Please help with this problem. Thanks
a/ Show that for any real number x,
if x>1 then |x^4|=< |23x^4 + 8x^2 + 4x|
b/ Show that for any real number x,
if x>1 then |23x^4 + 8x^2 + 4x| => |x^4|
c/ Use the big Theta and big O-notations to express the results of part (a) and (b)
d/ What can you deduce about the order of 23x^4 + 8x^2 + 4x ?
a/ To show that for any real number x, if x > 1 then |x^4| <= |23x^4 + 8x^2 + 4x|, we can start by simplifying the expression |23x^4 + 8x^2 + 4x|.
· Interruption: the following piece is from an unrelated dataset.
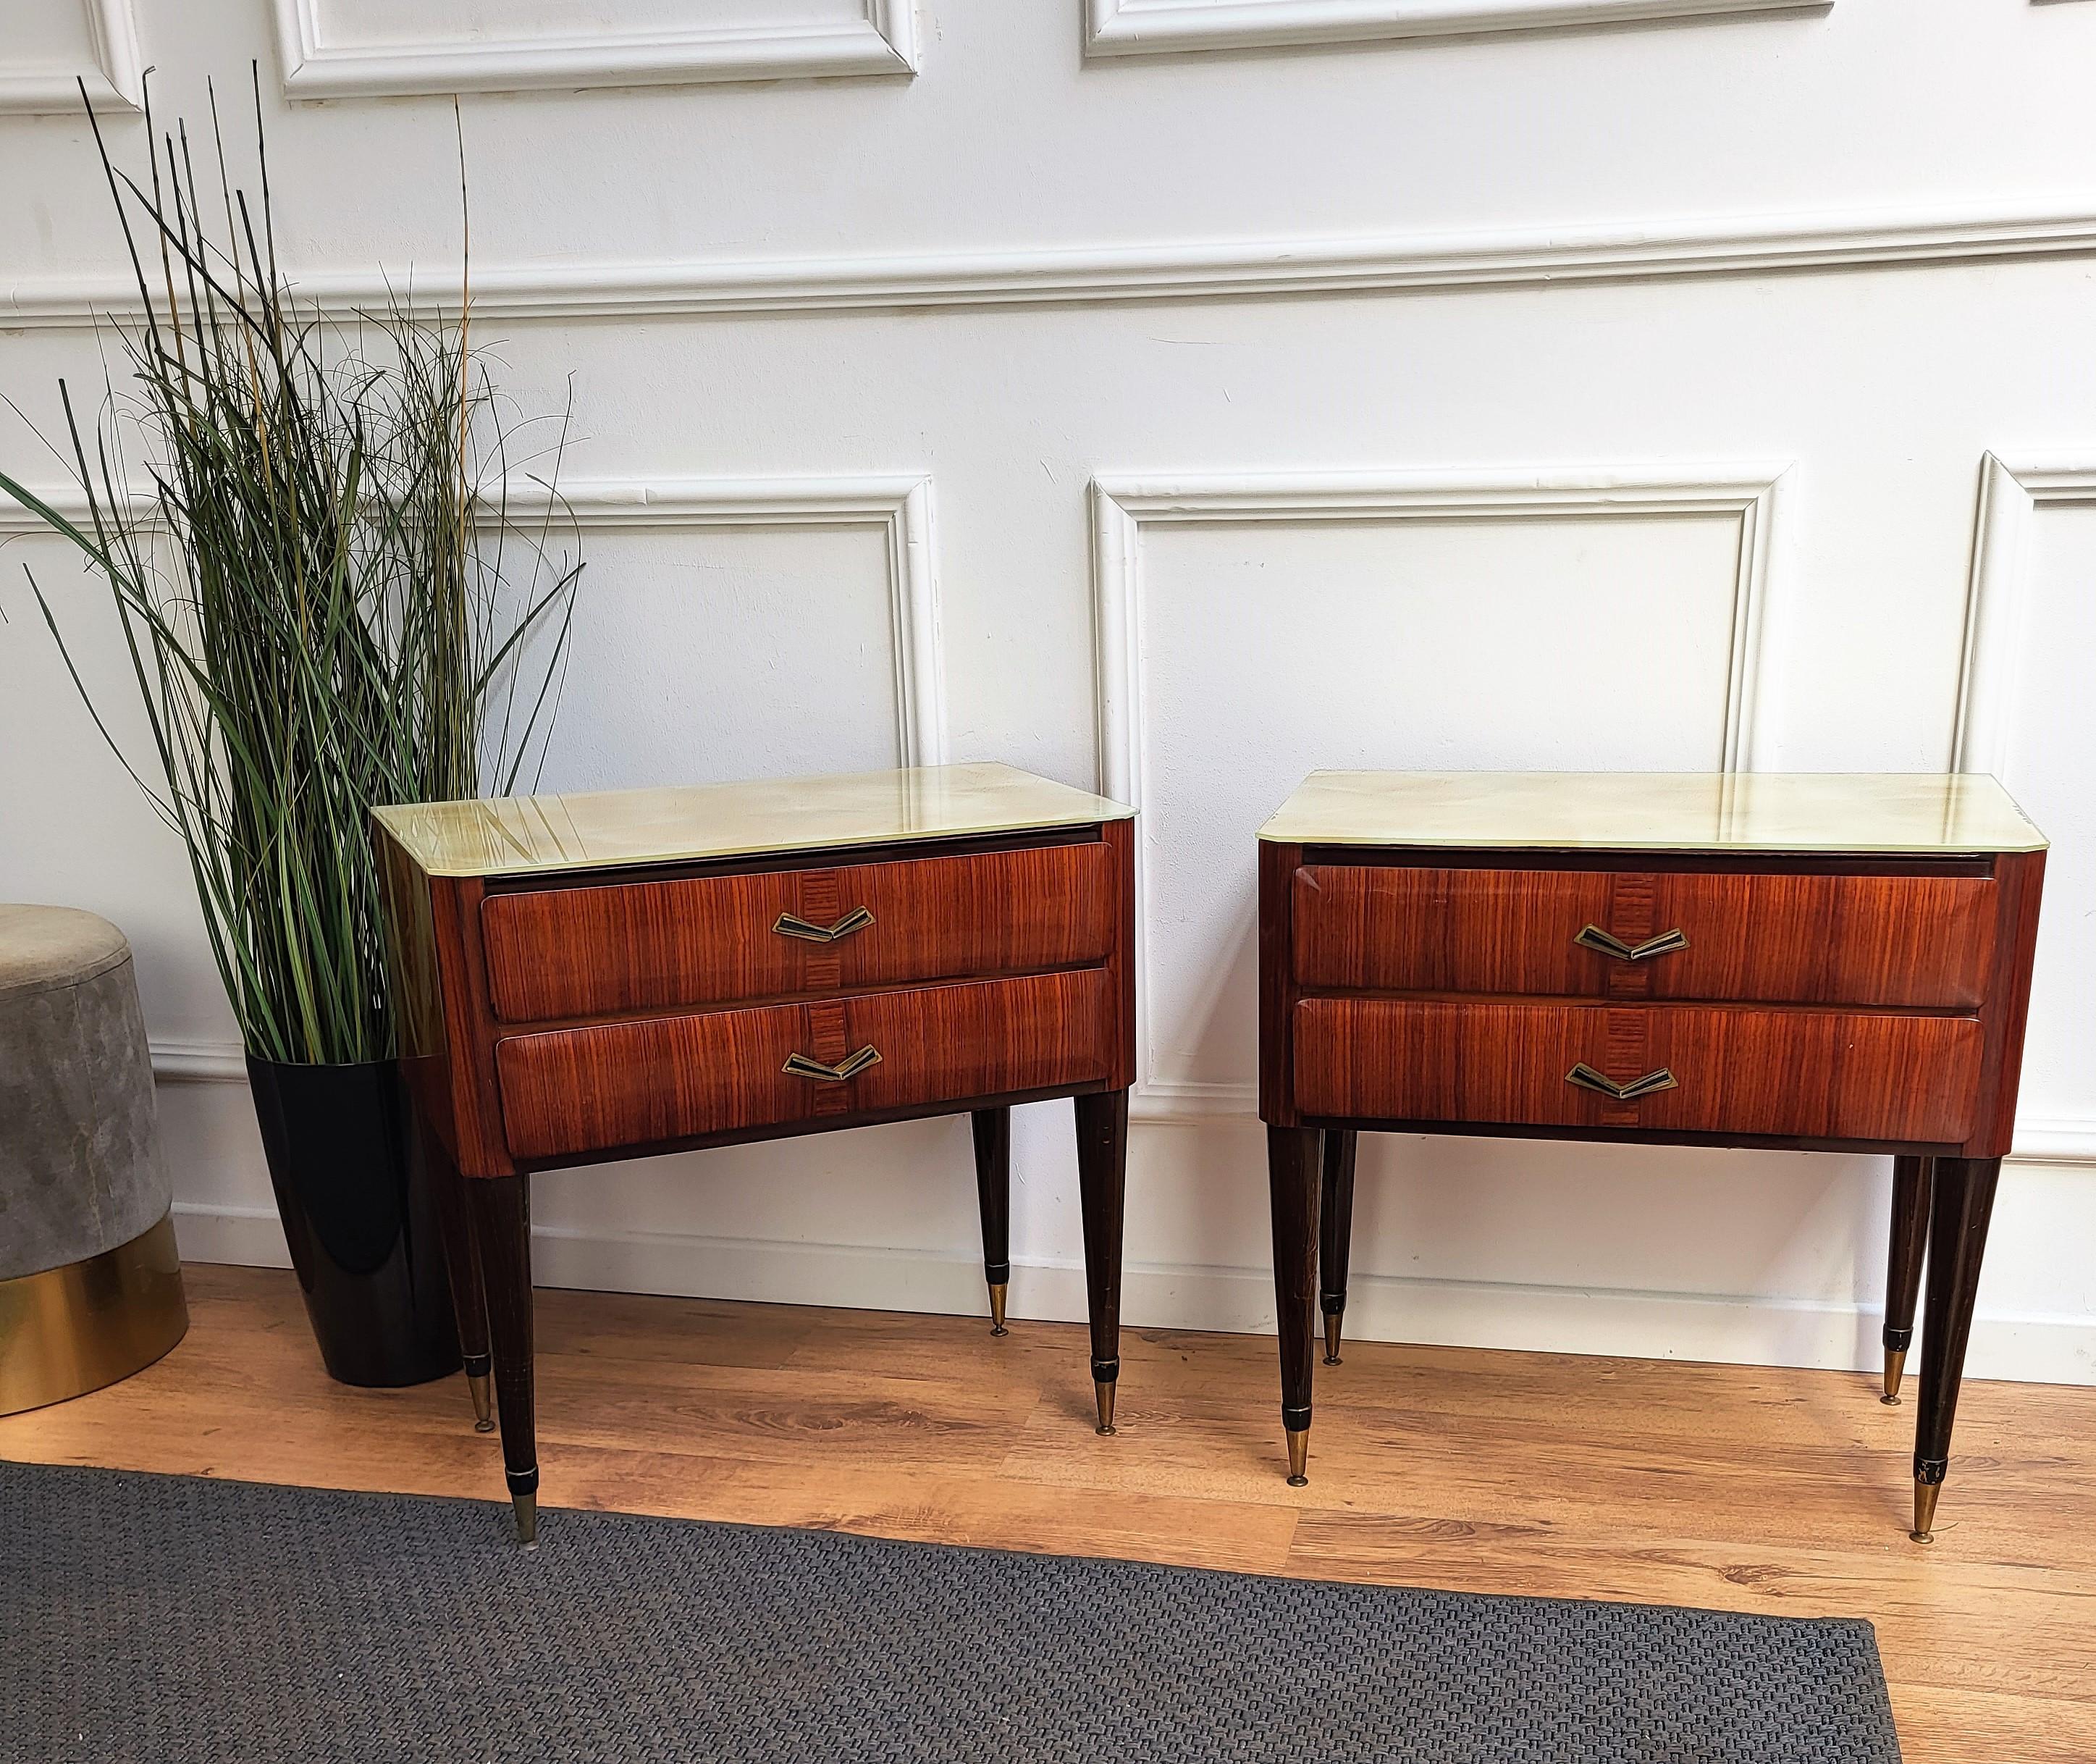 Very elegant and refined Italian 1950s neoclassical pair of bedside tables with double front drawers and great pattern design of the walnut veneer wood and lacquered glass top. Great details such as the brass handles make those nightstands a great

First, let's factor out x from each term:
|23x^4 + 8x^2 + 4x| = |x(23x^3 + 8x + 4)|
Since x > 1, we can conclude that x^4 > x and x^4 > 1. Therefore, we have:
|x^4| > |x| > 1
Now, let's consider the expression inside the absolute value |23x^3 + 8x + 4|. We know that x > 1, so each term in the expression is positive. Therefore, we can drop the absolute value signs:
23x^3 + 8x + 4
Next, we can compare the magnitudes of the terms x^4 and 23x^3 + 8x + 4:
|x^4| <= 23x^4 since 23x^4 is always greater than x^4 when x > 1
Now, let's substitute this inequality into the original expression:
|x^4| <= |23x^4 + 8x^2 + 4x|
|x^4| <= 23x^4 + 8x^2 + 4x
Thus, we have shown that for any real number x, if x > 1, then |x^4| <= |23x^4 + 8x^2 + 4x|.
b/ To show that for any real number x, if x > 1 then |23x^4 + 8x^2 + 4x| >= |x^4|, we can use a similar approach.
We can start by simplifying the expression |23x^4 + 8x^2 + 4x| again.
|23x^4 + 8x^2 + 4x| = |x(23x^3 + 8x + 4)|
Since x > 1, we know that x^4 > x and x^4 > 1. Therefore, we have:
|x^4| > |x| > 1
Now, let's consider the expression inside the absolute value |23x^3 + 8x + 4|. Again, we can drop the absolute value signs since each term is positive:
23x^3 + 8x + 4
Next, we can compare the magnitudes of the terms x^4 and 23x^3 + 8x + 4:
|x^4| <= 23x^4 since 23x^4 is always greater than x^4 when x > 1
Now, let's substitute this inequality into the original expression:
|x^4| <= |23x^4 + 8x^2 + 4x|
|x^4| <= 23x^4 + 8x^2 + 4x
Thus, we have shown that for any real number x, if x > 1, then |23x^4 + 8x^2 + 4x| >= |x^4|.
c/ Now let's express the results of part (a) and (b) using the big Theta and big O-notations.
In part (a), we showed that |x^4| <= |23x^4 + 8x^2 + 4x|. This implies that |23x^4 + 8x^2 + 4x| is an upper bound for |x^4|. Using big O-notation, we can express this as:
|x^4| = O(|23x^4 + 8x^2 + 4x|)
In part (b), we showed that |x^4| <= |23x^4 + 8x^2 + 4x|. This implies that |x^4| is a lower bound for |23x^4 + 8x^2 + 4x|. Using big Theta-notation, we can express this as:
|x^4| = Θ(|23x^4 + 8x^2 + 4x|)
d/ From the results of part (a) and (b), we can deduce that the order of the polynomial 23x^4 + 8x^2 + 4x is O(x^4) and Θ(x^4). This means that as x approaches infinity, the dominant term is x^4.